# Database

This notebook shows how to use a database for storing and loading simulation results.
The interface employs [SQLAlchemy](https://www.sqlalchemy.org/), which is installed if you supplied the `[database]` option during gdsfactory installation.

## Overview
1. We create an ad-hoc SQLite database, which will store data in a single file (`database.db` in this case) OR use the PostgreSQL Docker image for more robust self-hosted handling as an example.
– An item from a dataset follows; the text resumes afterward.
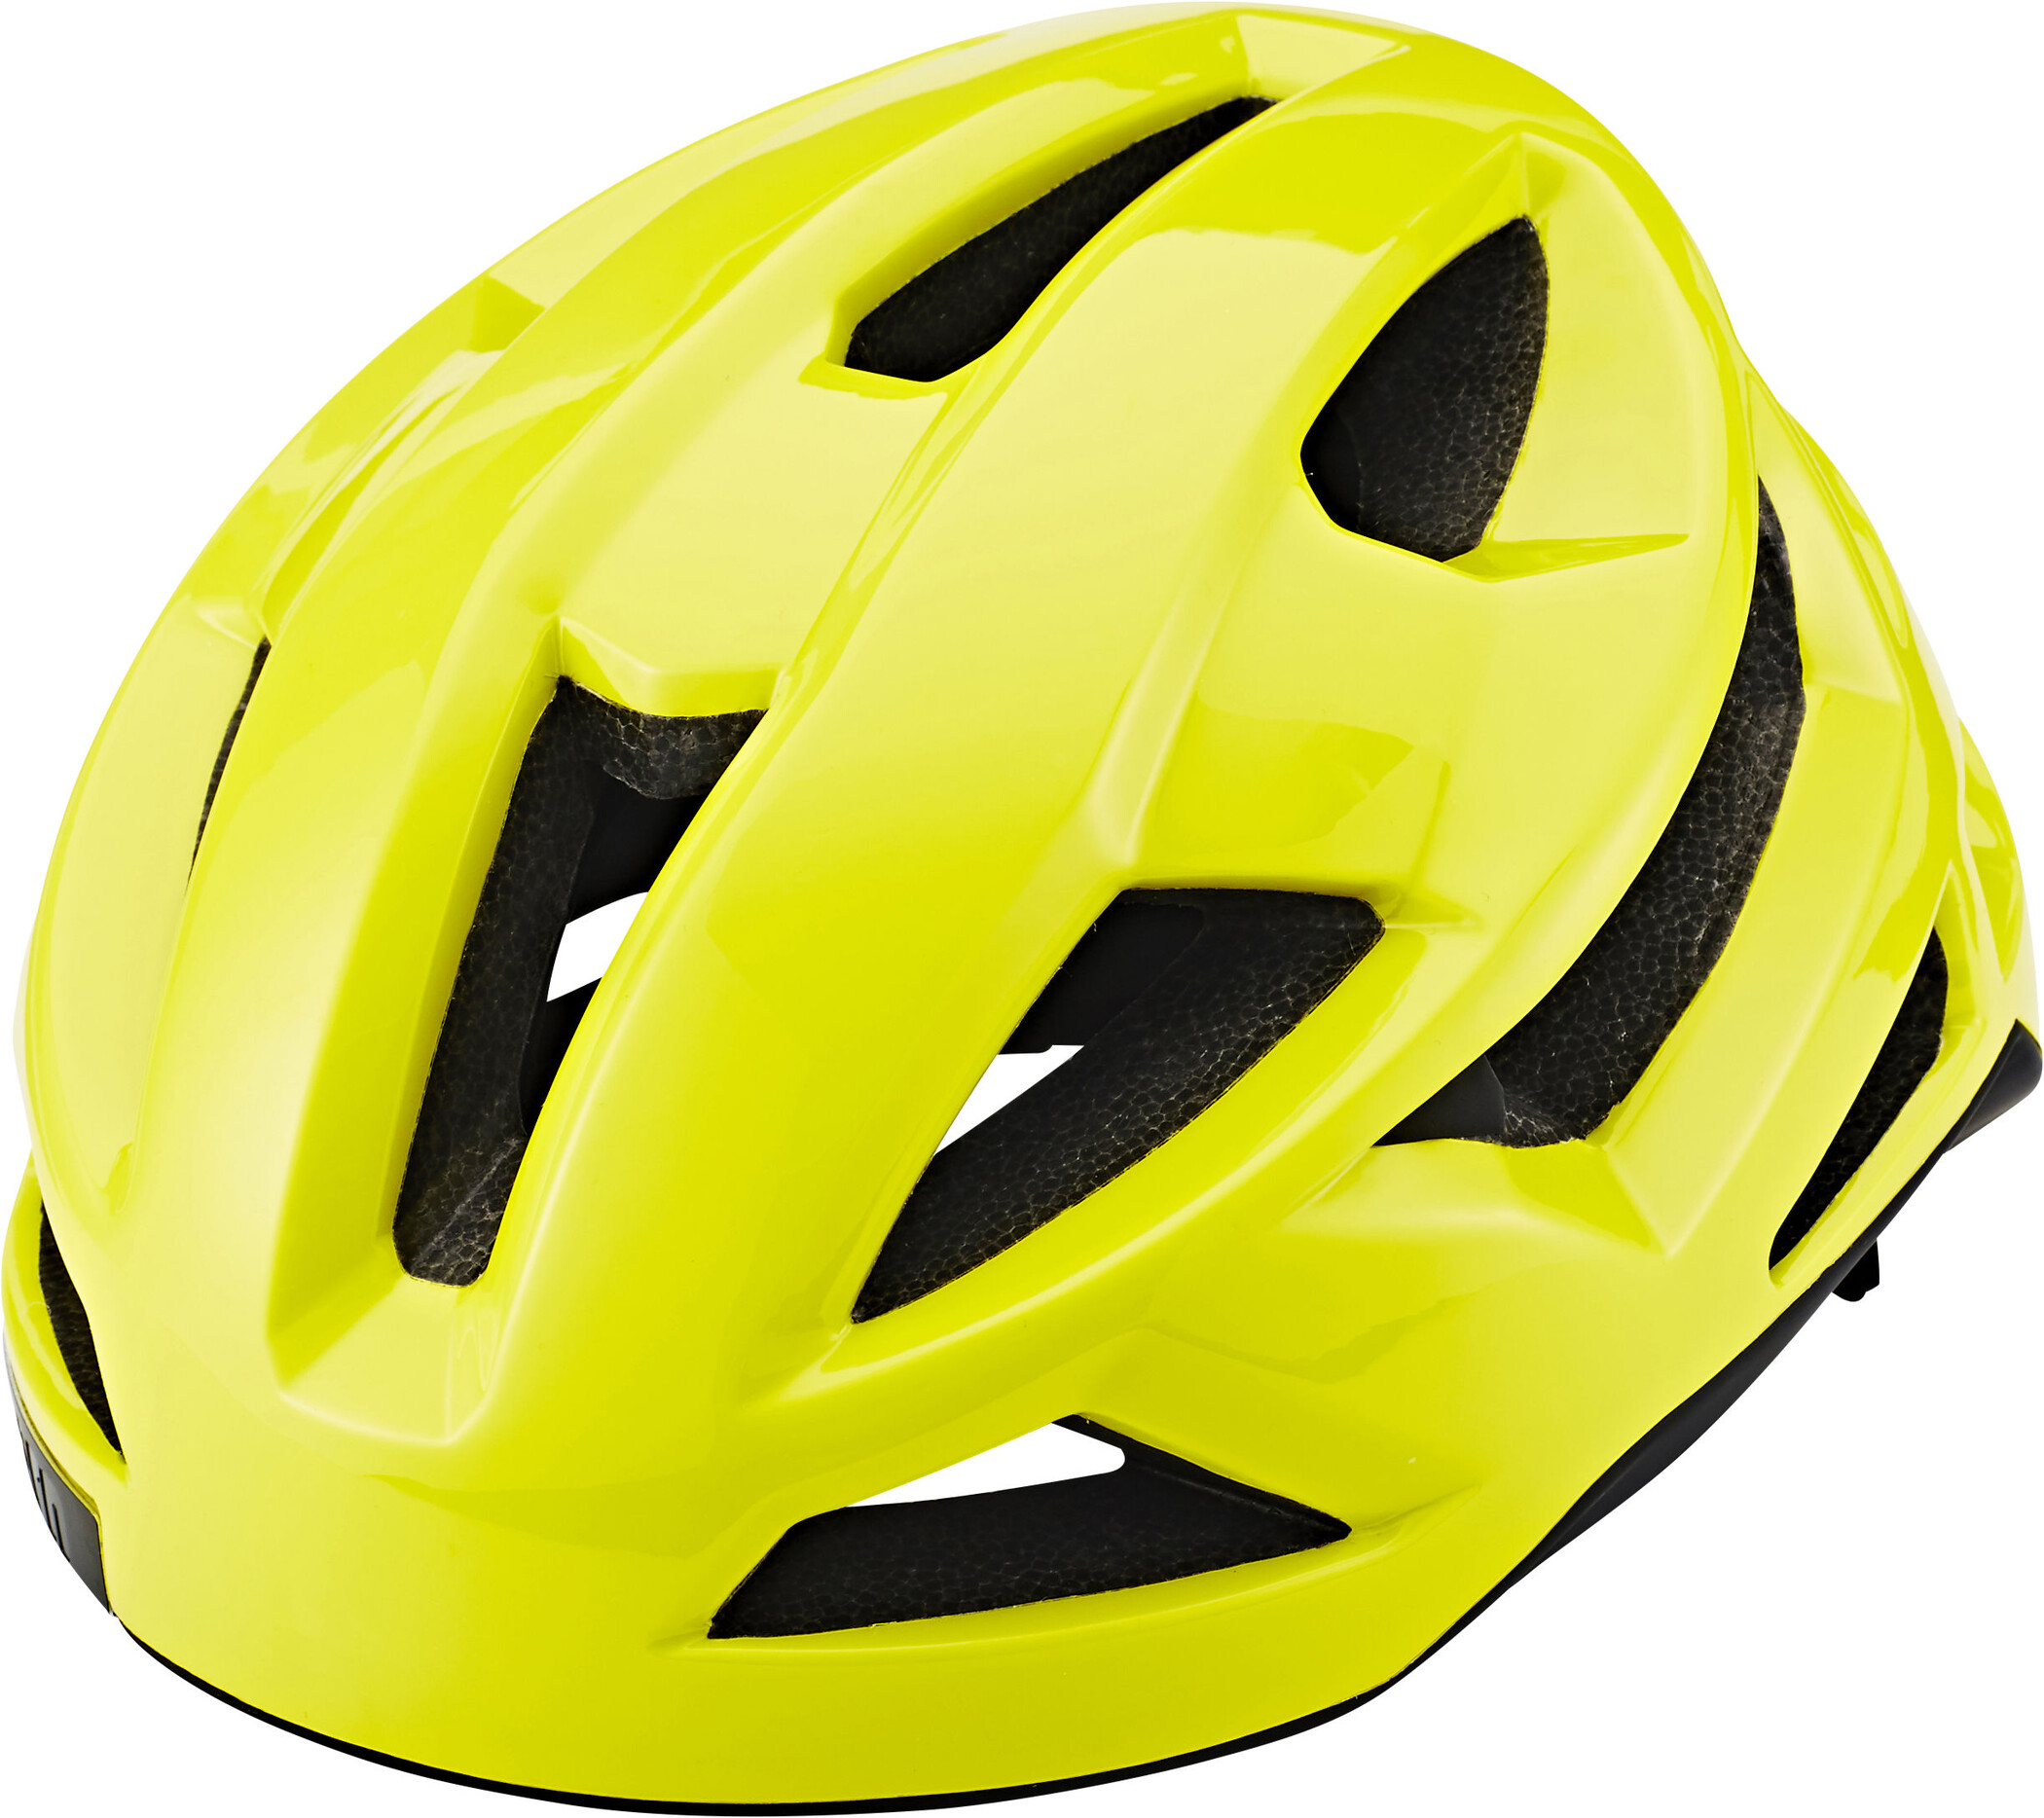 Bern FL-1 Cykelhjelm, neon yellow/glänzend | Helmets

This method may be easily be extended for multiple users.
2. We add wafer and component data to the database
3. We add simulation data to the database

(TODO 4. More scalable database is employed using Litestream. This _streams_ the SQLite database to Amazon, Azure, Google Cloud or a similar online database.)

In [1]:
import gdsfactory as gf
import gdsfactory.database as gd
from gdsfactory.database import create_engine

from sqlalchemy import text
from sqlalchemy.orm import Session

2023-02-01 20:55:31.631 | INFO     | gdsfactory.config:<module>:50 - Load '/workspaces/gdsfactory/gdsfactory' 6.28.1
2023-02-01 20:55:33.876 | INFO     | gdsfactory.technology.layer_views:__init__:779 - Importing LayerViews from KLayout layer properties file: /workspaces/gdsfactory/gdsfactory/generic_tech/klayout/tech/layers.lyp.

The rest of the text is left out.